Taking the entries below, transcribe only the lines starting with the one with "La empresa Tele" and going on through the one with "CARTOLINA CV2678 AGLIATE", exactly as written, without the pictures.

[Extracted information]

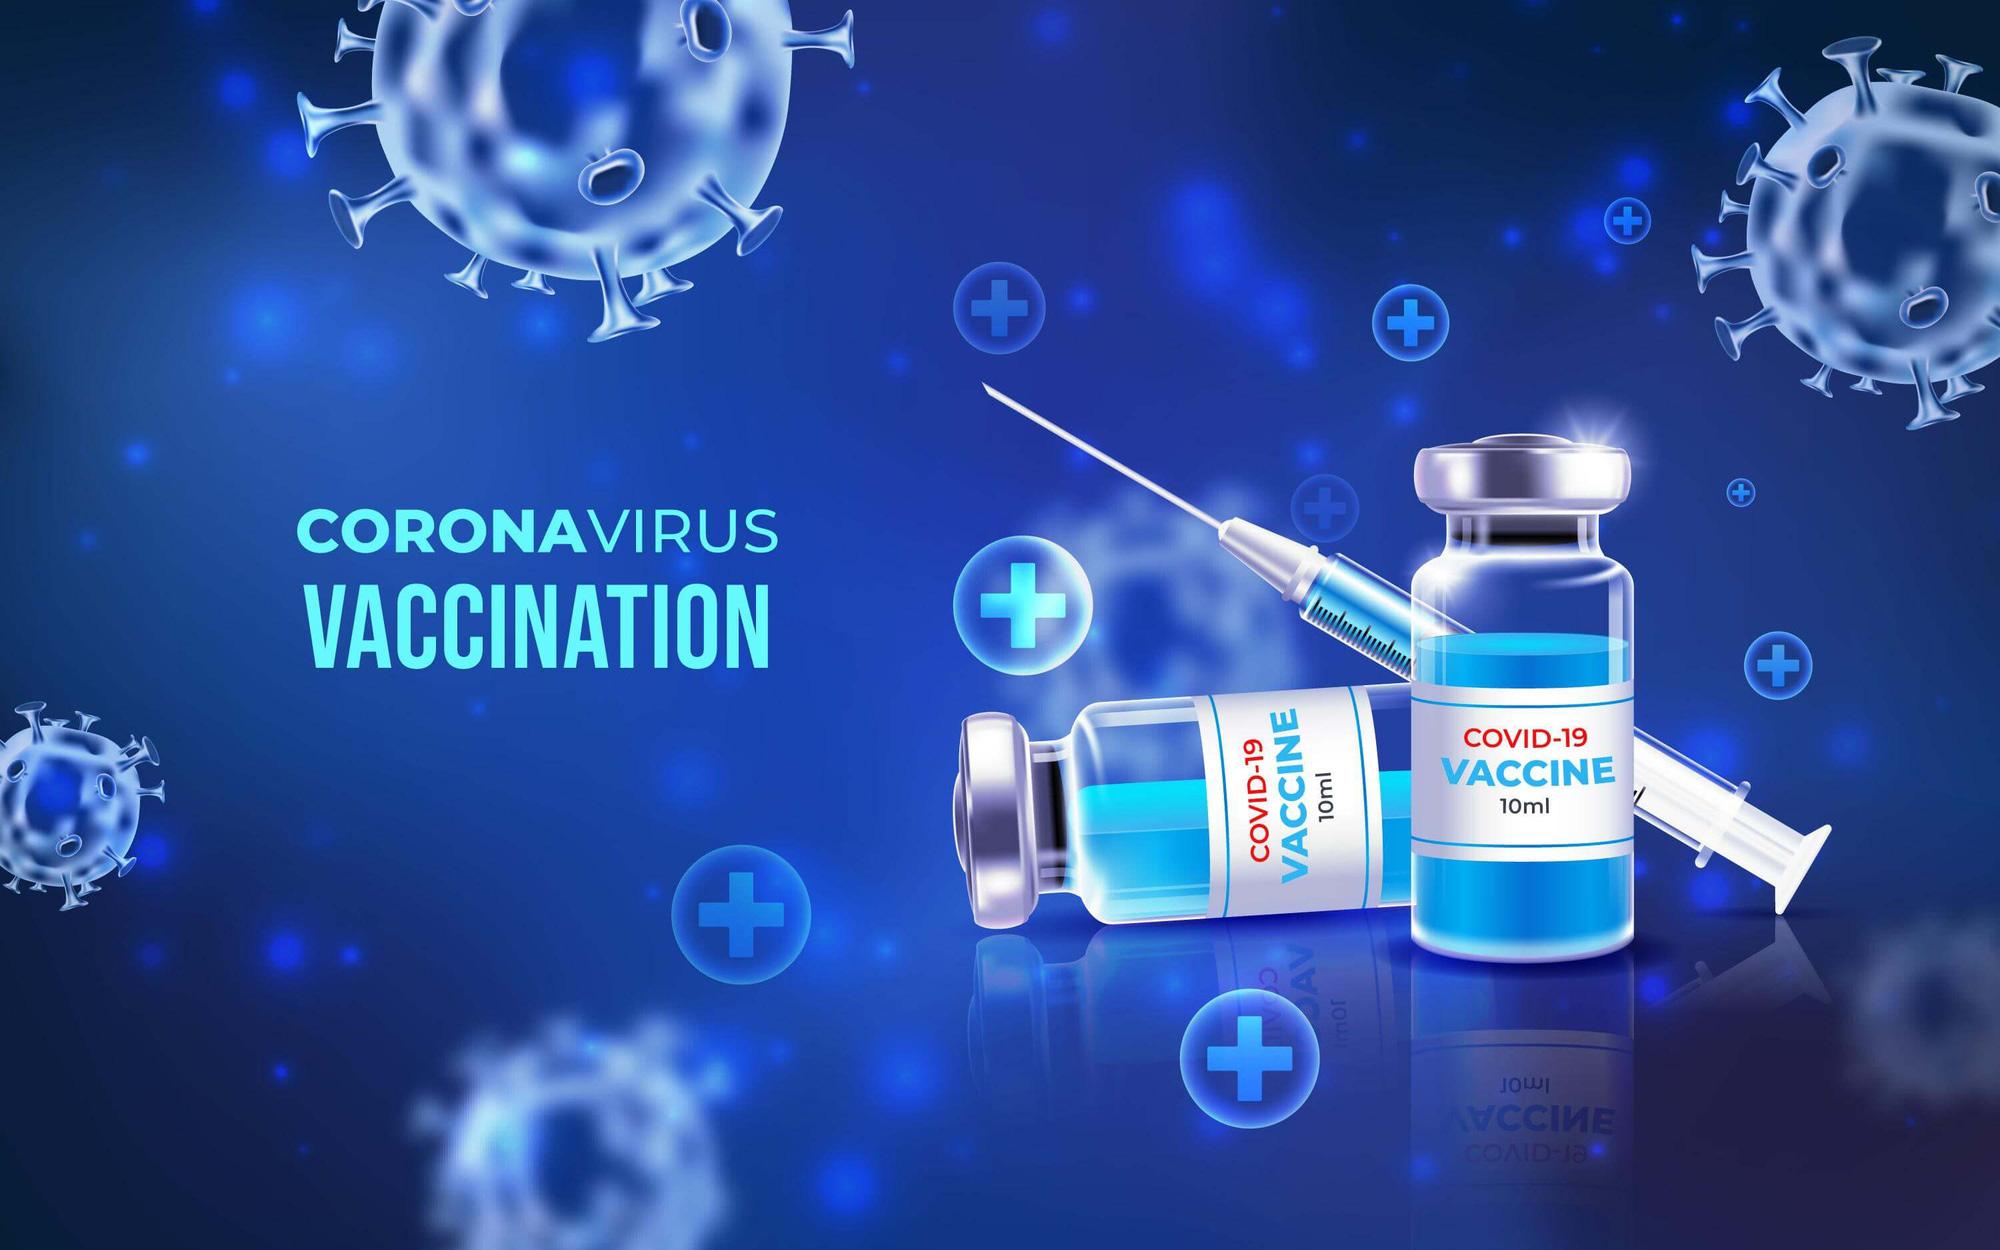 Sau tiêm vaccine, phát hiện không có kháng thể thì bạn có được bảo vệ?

[/Extracted information]
[Extracted information]

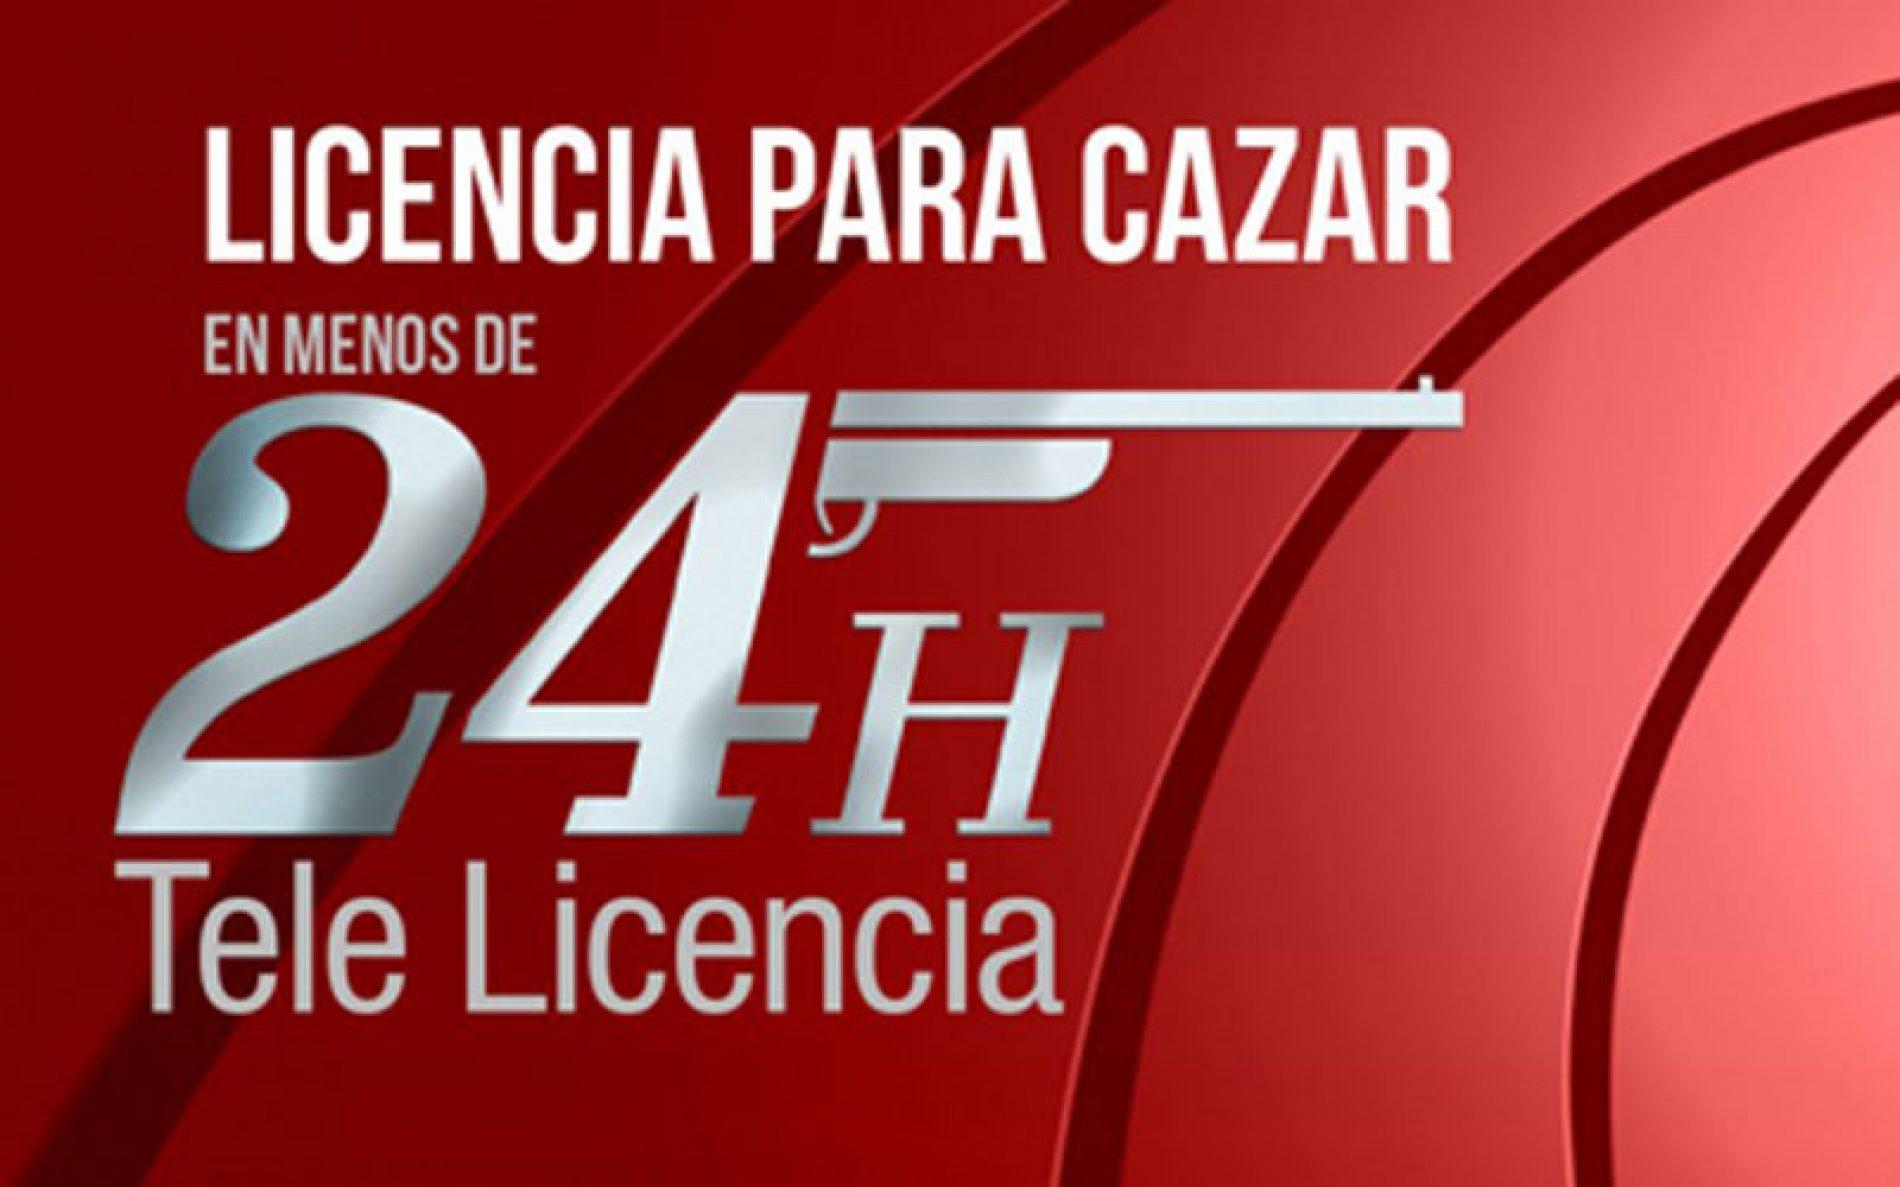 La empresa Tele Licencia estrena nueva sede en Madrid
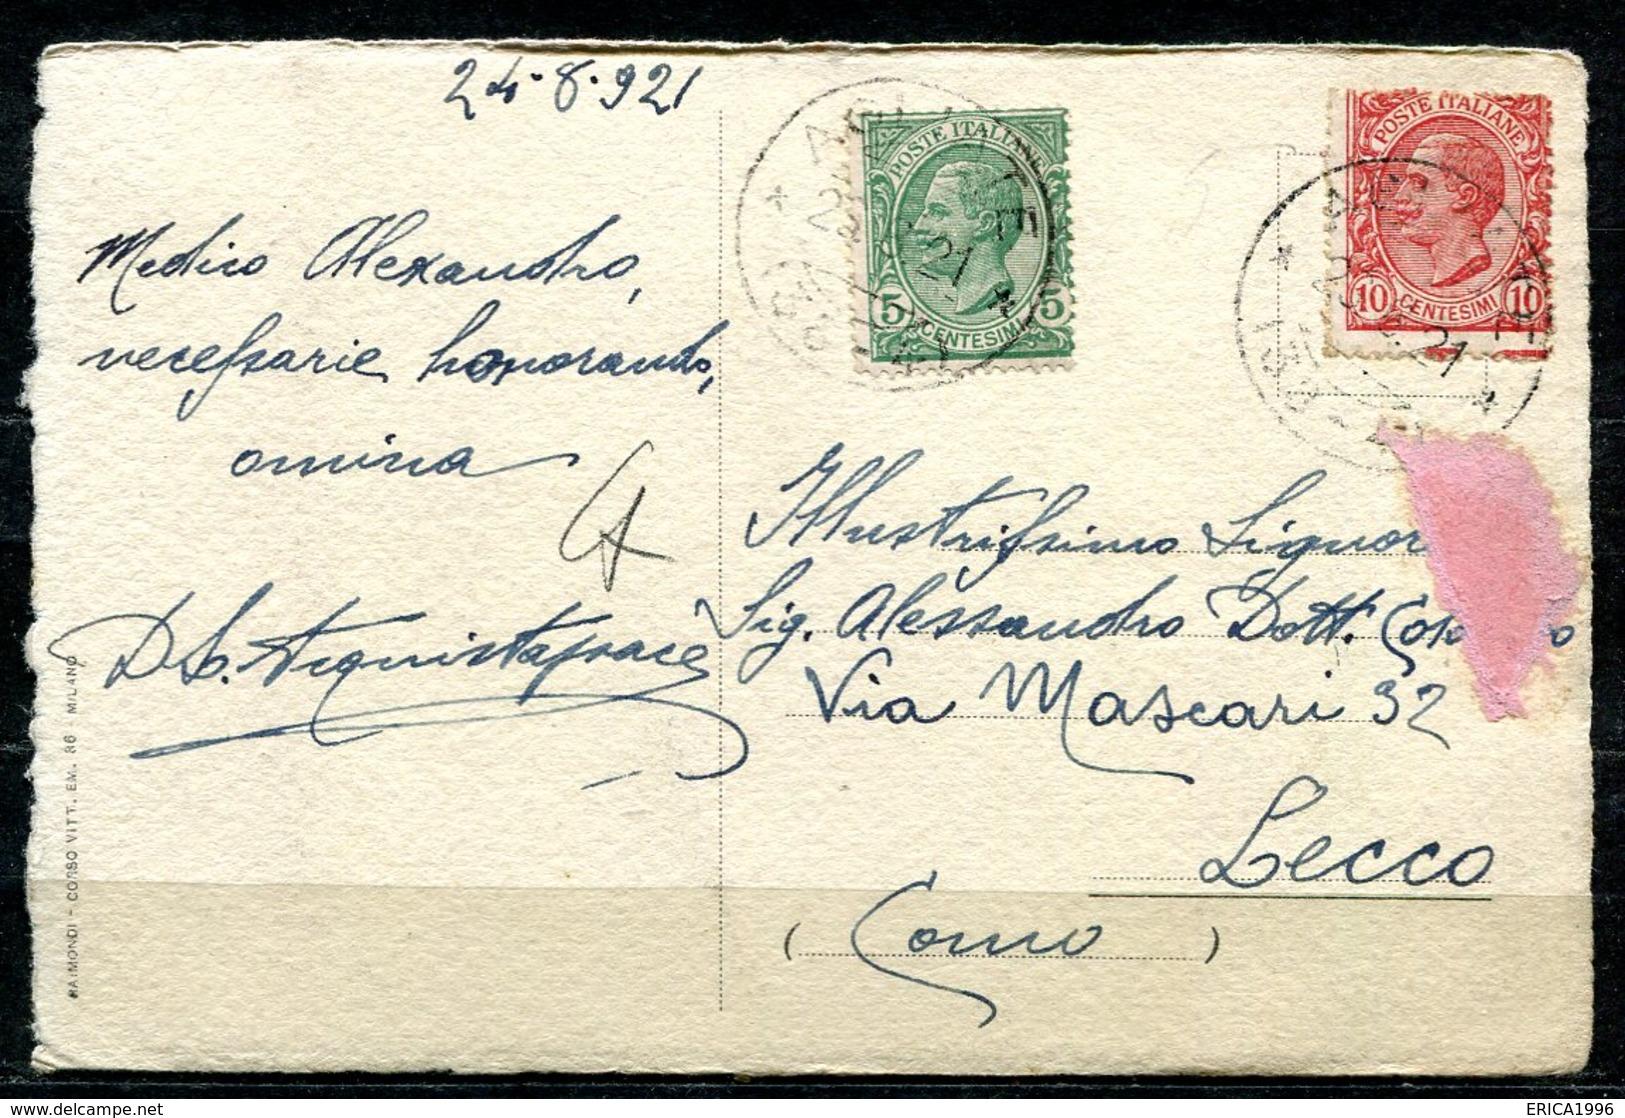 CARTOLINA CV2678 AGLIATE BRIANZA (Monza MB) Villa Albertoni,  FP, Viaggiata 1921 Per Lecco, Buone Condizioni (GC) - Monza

[/Extracted information]

■ Answer to this problem ■
 La empresa Tele Licencia estrena nueva sede en Madrid
 CARTOLINA CV2678 AGLIATE BRIANZA (Monza MB) Villa Albertoni,  FP, Viaggiata 1921 Per Lecco, Buone Condizioni (GC) - Monza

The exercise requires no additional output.